Four months later priorities have changed. While many Lebanese are still determined to seek the truth behind Hariri's murder, the elections have stalled the widespread support, particularly from rival political parties. Several weeks back, tragedy struck Beirut once again, as anti-Syrian journalist Samir Kassir was brutally murdered by yet another bomb.

Many Lebanese feel Syria is responsible for both of these brutal assassinations. Unfortunately, many pro-Syrian politicians who were likely on their way out were revived through an alliance with Michel Aoun. U.N. Secretary General Kofi Annan instructed top U.N. envoy Terje Roed-Larsen to leave quickly for Syria to see President Bashar Al-Assad about Lebanon. Annan also reportedly sent an inspection team back to Lebanon to confirm Syria's withdrawal, and observe the final round of elections on Sunday.

Robert Fisk, of the Independent, revealed some critical information in his latest article. Fisk discusses the presence of key Syrian security officials still in Lebanon, and how evidence was removed from both the Hariri and Kassir crime scenes. According to the Kuwaiti newspaper, Al-Siyassa, a CIA/FBI investigation of the Hariri murder took place shortly after his death on Valentines Day.

Excerpts from Fisk's article:

Syria: out the door, back through the window
By Robert Fisk

The UN confirmed the withdrawal of all Syrian troops and intelligence officers scarcely a month ago. Now the UN secretary general, Kofi Annan, threatens to send his "verification" team back to reconfirm.

Ghazaleh was the former head of Syrian military intelligence in Lebanon. Or maybe he still is? If the Syrians have returned - out through the door, back through the window, as the Lebanese say - what might they do with the sectarian pot that constitutes all of Lebanon's tragedies?

But now, according to the Kuwaiti newspaper Al-Siyassa, a CIA investigation into the murder concluded that between six and nine senior Syrian intelligence officers were involved.

It claims, too, that a secret CIA/FBI investigation was carried out on the Hariri assassination in Lebanon for four days, starting on 18 February, which concluded that four senior members of the Lebanese security forces knew of plans for the murder before it took place and helped monitor Hariri's movements and select the date of his murder.

One of the paper's sources said a former Lebanese cabinet minister was also involved. The Lebanese are already trying to guess - accurately - his identity.

Even graver is the information which Walid Jumblatt, the Druze leader, says he has received of continued Syrian intelligence operations in Lebanon. He has been told that - back in Lebanon after their famous "military withdrawal" - are Mohamed Jabour, a Syrian officer formerly based in the Lebanese town of Sofar, high in the hills above Beirut, and Jamer Jamer, who was a spook in the west Beirut Hamra district, and Said Rabah, a Syrian intelligence man from Hamana (in the valley below Sofar), and that all have returned to Lebanon.
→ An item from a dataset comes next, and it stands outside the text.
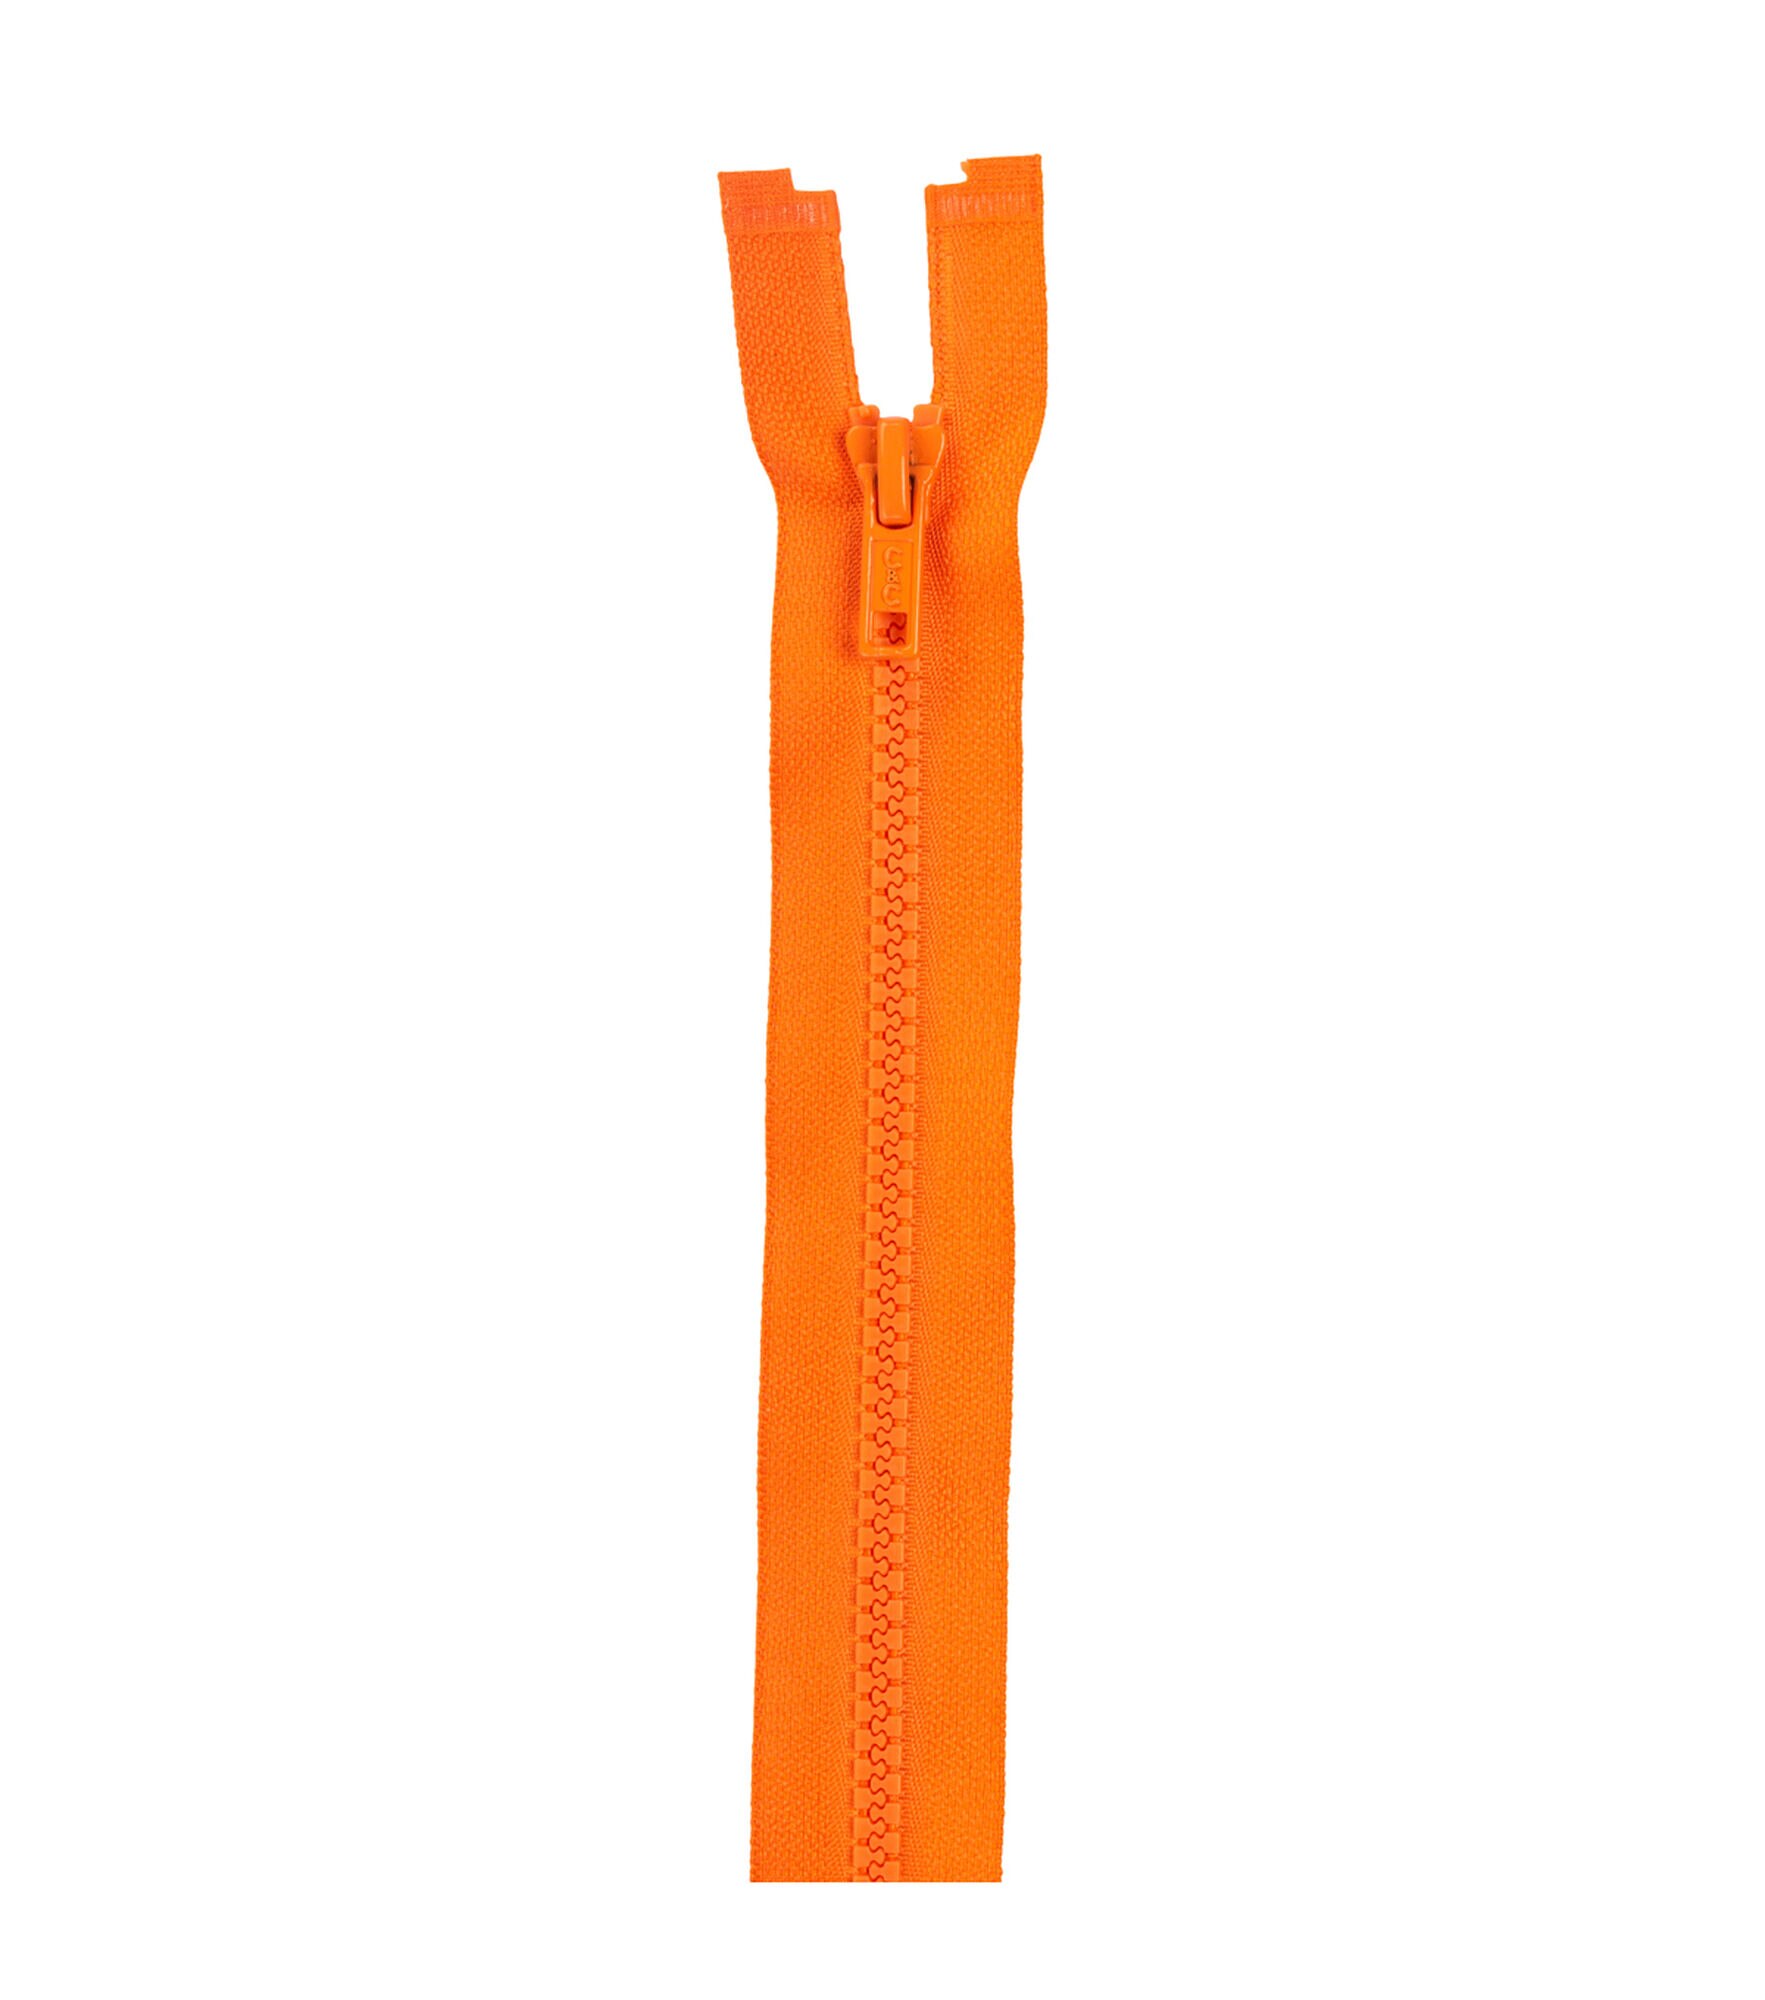 Coats & Clark 30'' Molded Separating Sport Zipper, Tangerine, hi-res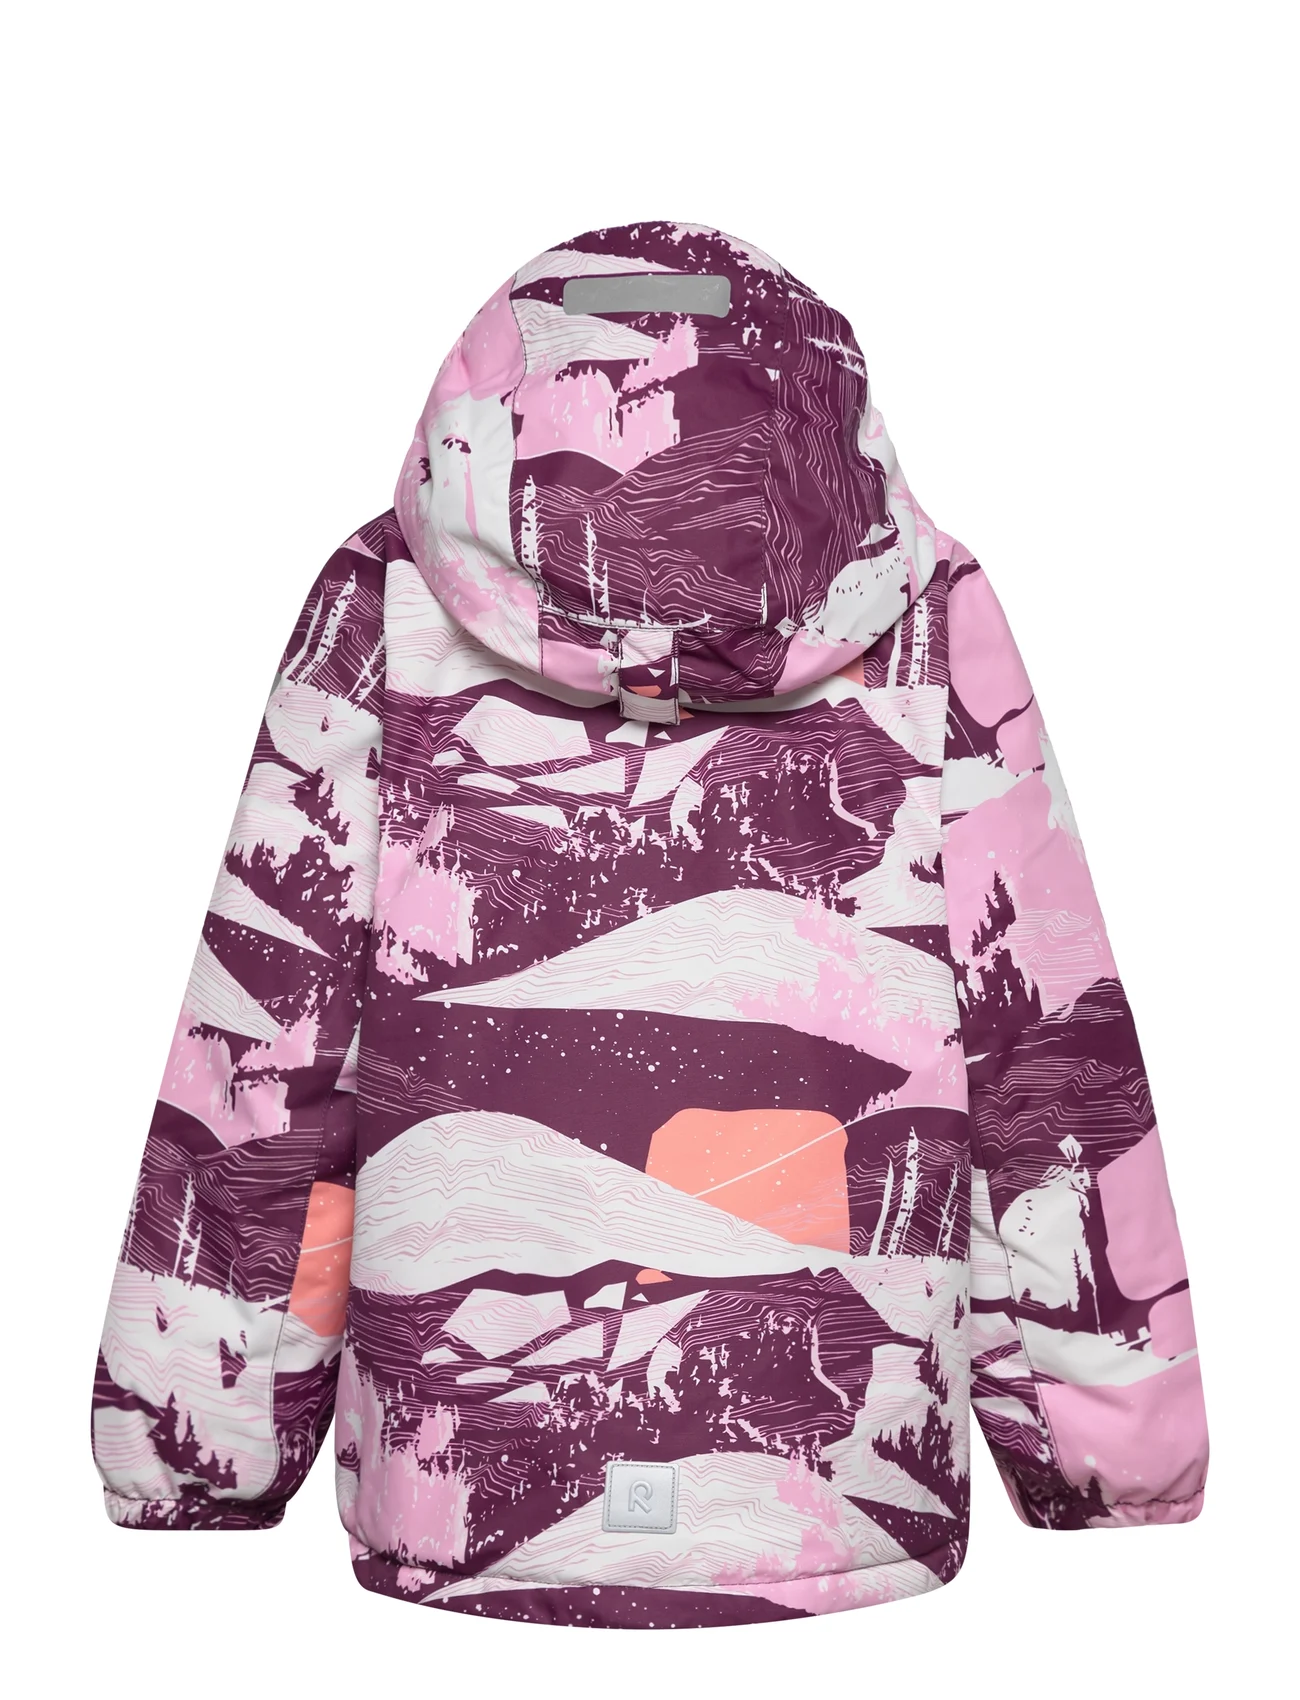 Reima - Winter jacket, Kanto - winter jackets - deep purple - 1

And so has Rustum Ghazaleh, the ex-top intelligence man in the country. All of the above, Syria officially denies.

The murder of the Lebanese journalist, Samir Kassir, 11 days ago - a writer who was deeply critical of the Syrian Baath party, who had received furious phone calls from Rustum Ghazaleh - was a message to Lebanon: just when you thought it was safe to speak freely, the murderers are still in business.

After Hariri's murder, one of the top pro-Syrian security officials, Lebanese General Haj Ali, removed the burnt- out remains of the Hariri convoy from the scene of the crime.

Other security officials planted false evidence at the scene. Or so said the first UN investigation team.

Now, it turns out - chillingly for those of us who believed that a clean security leadership had been installed in Lebanon - that the car in which Kassir was bombed was also removed from the scene of the crime within hours, allowing the Lebenese cops to "lose" the detonator of the explosives which killed him.

This is no small matter. At the scene, I watched Lebanese military forensic officers take pieces of the bomb from the burnt vehicle after Kassir’s assassination, placing them in containers.

But the police moved the car, and the detonator - which is the all-important clue to the culprits - disappeared. How very convenient. Detonators have numbers. These codes can be used to discove the manufacturer and, more importantly, the country to which it was sold.

On Friday night, I drove up for dinner with Walid Jumblatt in his Druze castle at Mukhtara. There was fine wine and the best salads and the funniest of conversations. But Mr Jumblatt, my favourite - indeed, the only - true nihilist in the Arab world - is looking worried. He thinks he is on a hit list. I fear he is, too. I fear all Lebanon is.

So how to end this report from that soft, gentle, ferocious country of Lebanon? With these words: watch out!